== INPUT MATERIAL ==
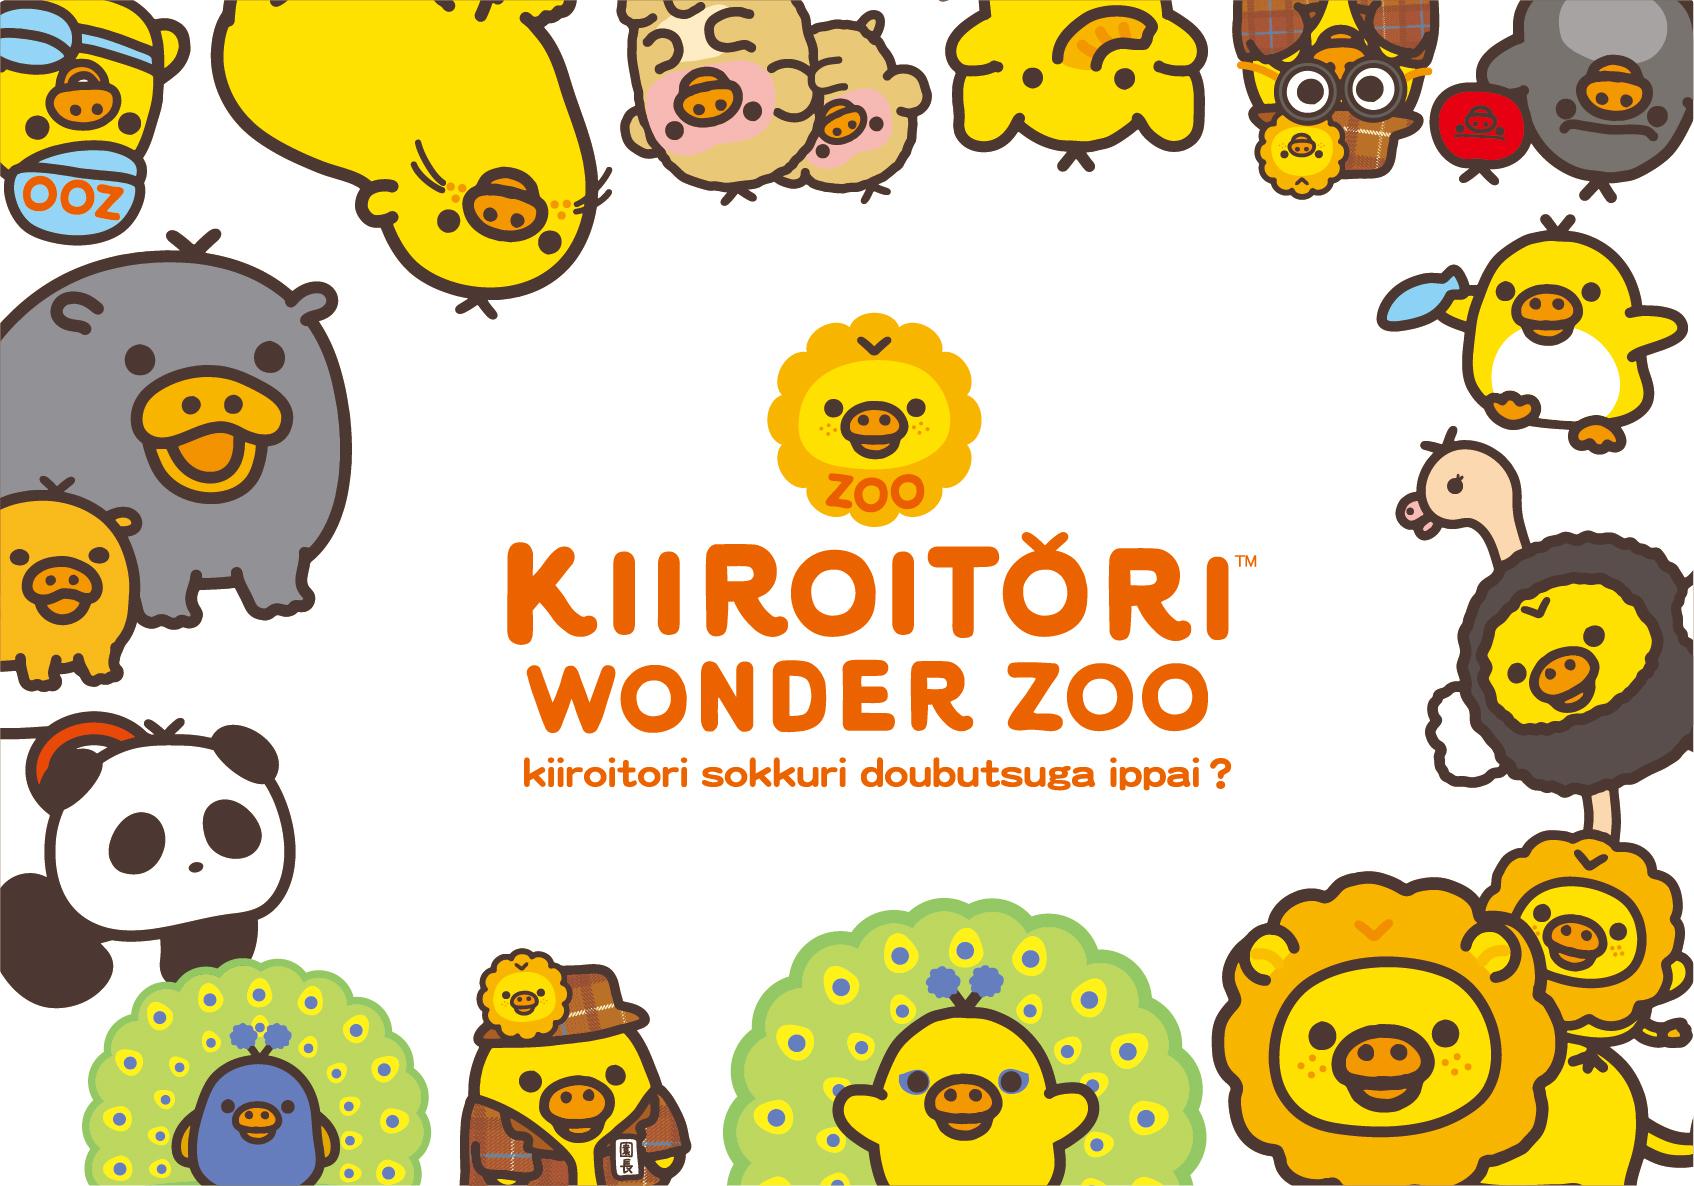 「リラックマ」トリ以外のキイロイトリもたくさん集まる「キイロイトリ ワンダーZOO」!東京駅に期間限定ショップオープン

--

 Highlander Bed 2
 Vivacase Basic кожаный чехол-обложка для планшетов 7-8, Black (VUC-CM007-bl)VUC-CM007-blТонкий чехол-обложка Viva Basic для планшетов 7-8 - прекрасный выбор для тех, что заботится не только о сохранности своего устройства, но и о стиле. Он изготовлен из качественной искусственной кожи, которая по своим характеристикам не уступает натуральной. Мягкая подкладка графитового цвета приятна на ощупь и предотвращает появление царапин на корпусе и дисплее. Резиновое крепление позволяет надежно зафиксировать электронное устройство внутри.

--

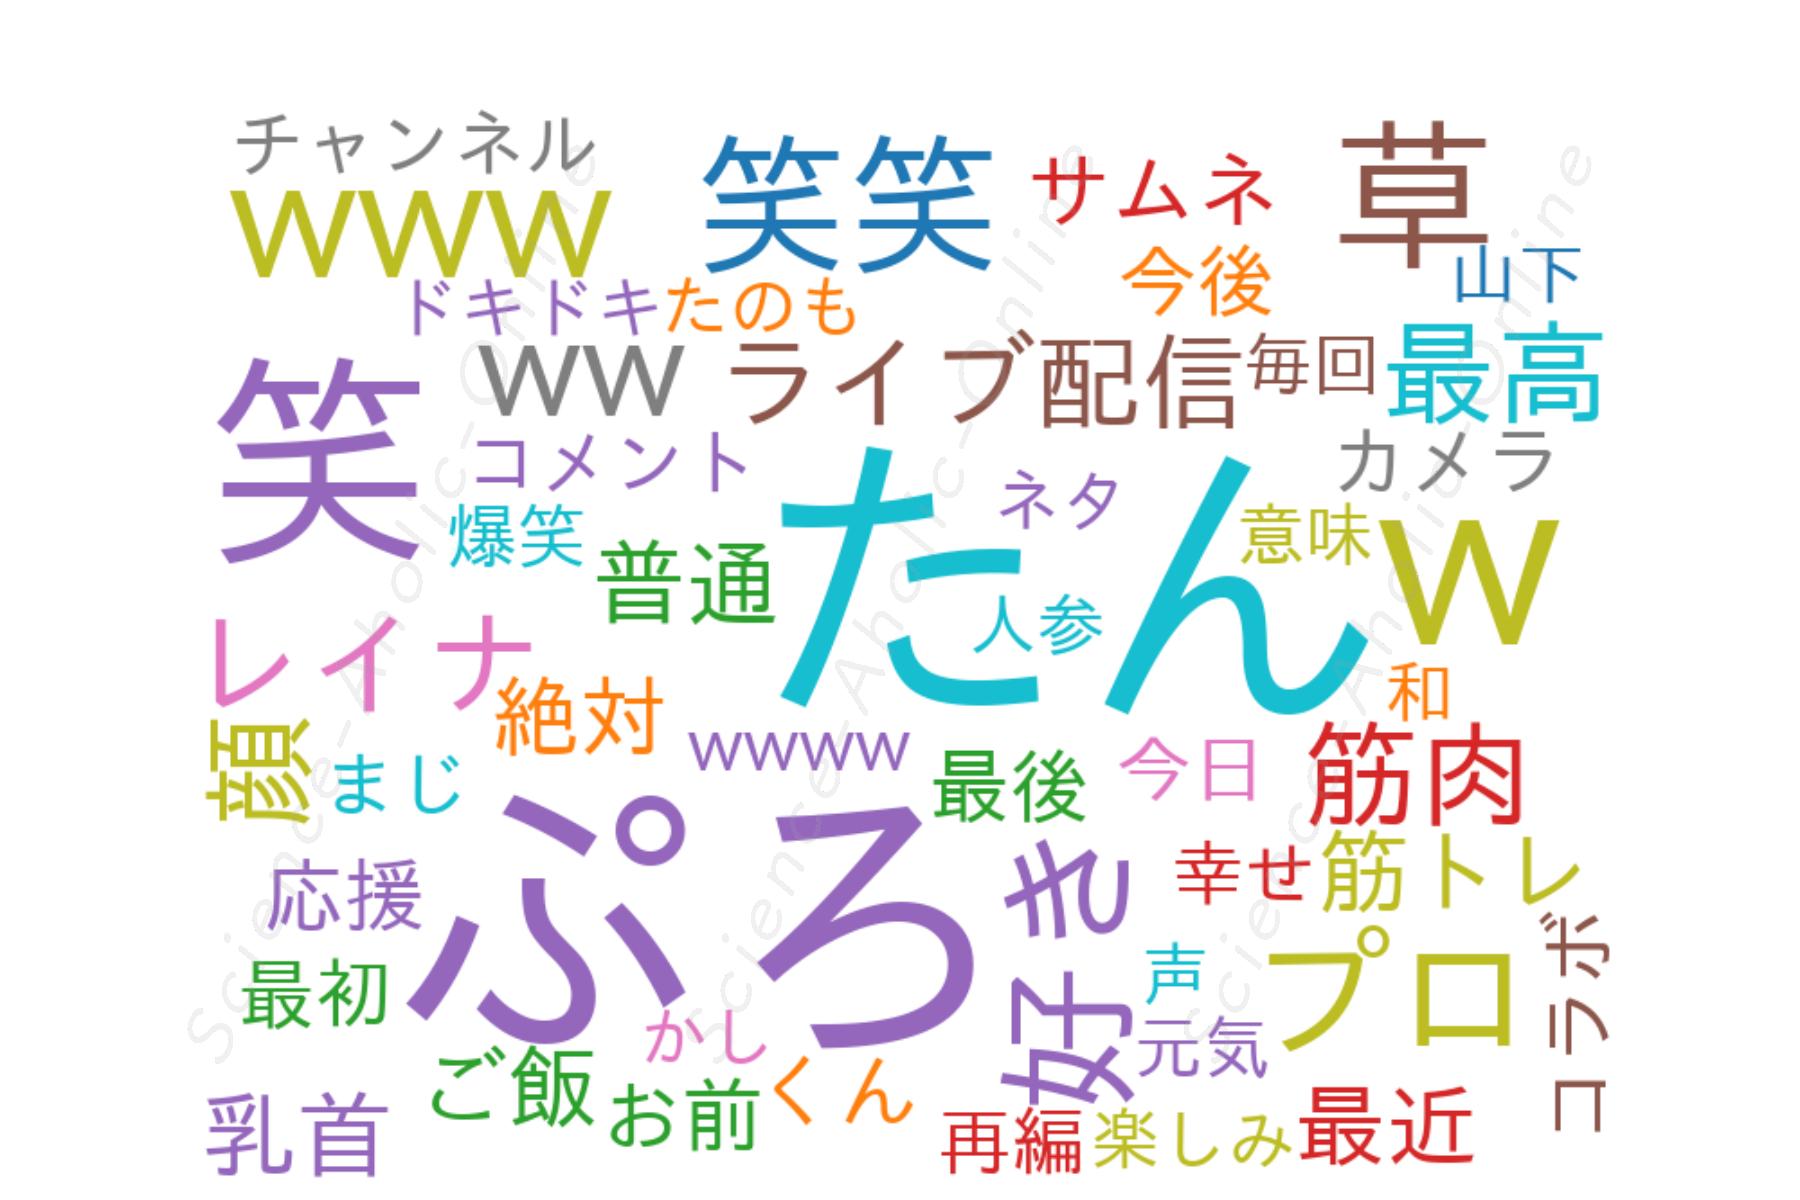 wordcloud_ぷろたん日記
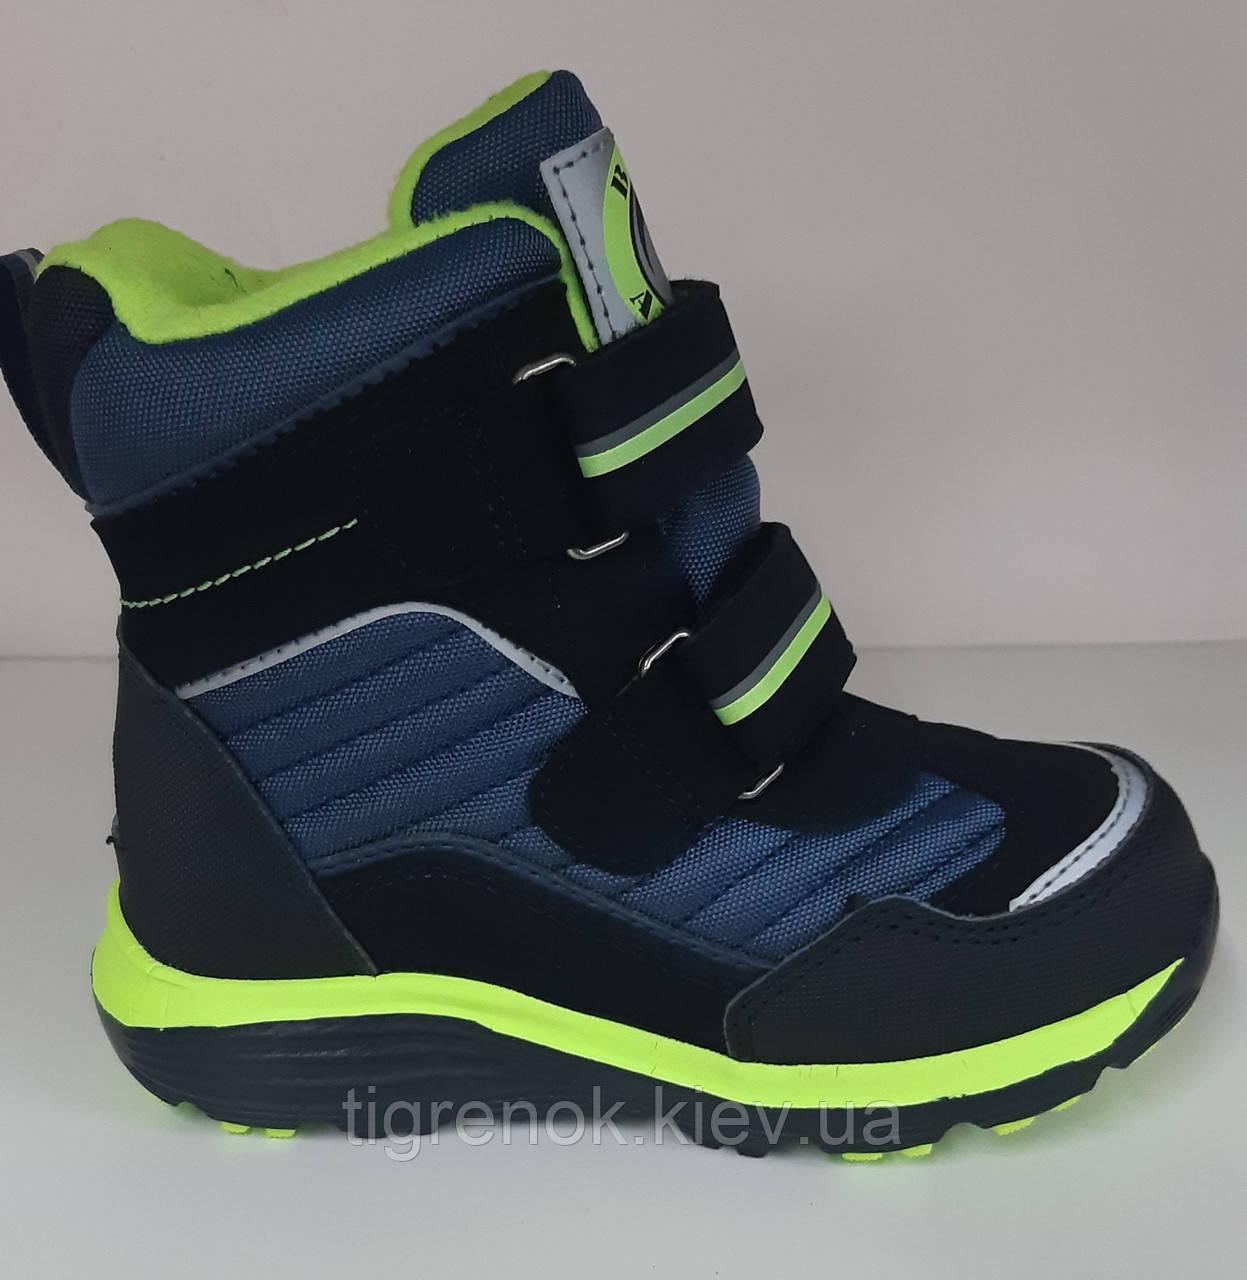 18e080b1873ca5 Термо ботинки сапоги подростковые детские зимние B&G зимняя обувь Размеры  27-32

== WHAT YOU HAVE TO DO ==
Output only the lines above from the line that holds "wordcloud_ぷろたん日記" through the line that holds "18e080b1873ca5 Термо ботинки", both ends included, and exclude pictures.

== WRITTEN REPLY ==
 wordcloud_ぷろたん日記
 18e080b1873ca5 Термо ботинки сапоги подростковые детские зимние B&G зимняя обувь Размеры  27-32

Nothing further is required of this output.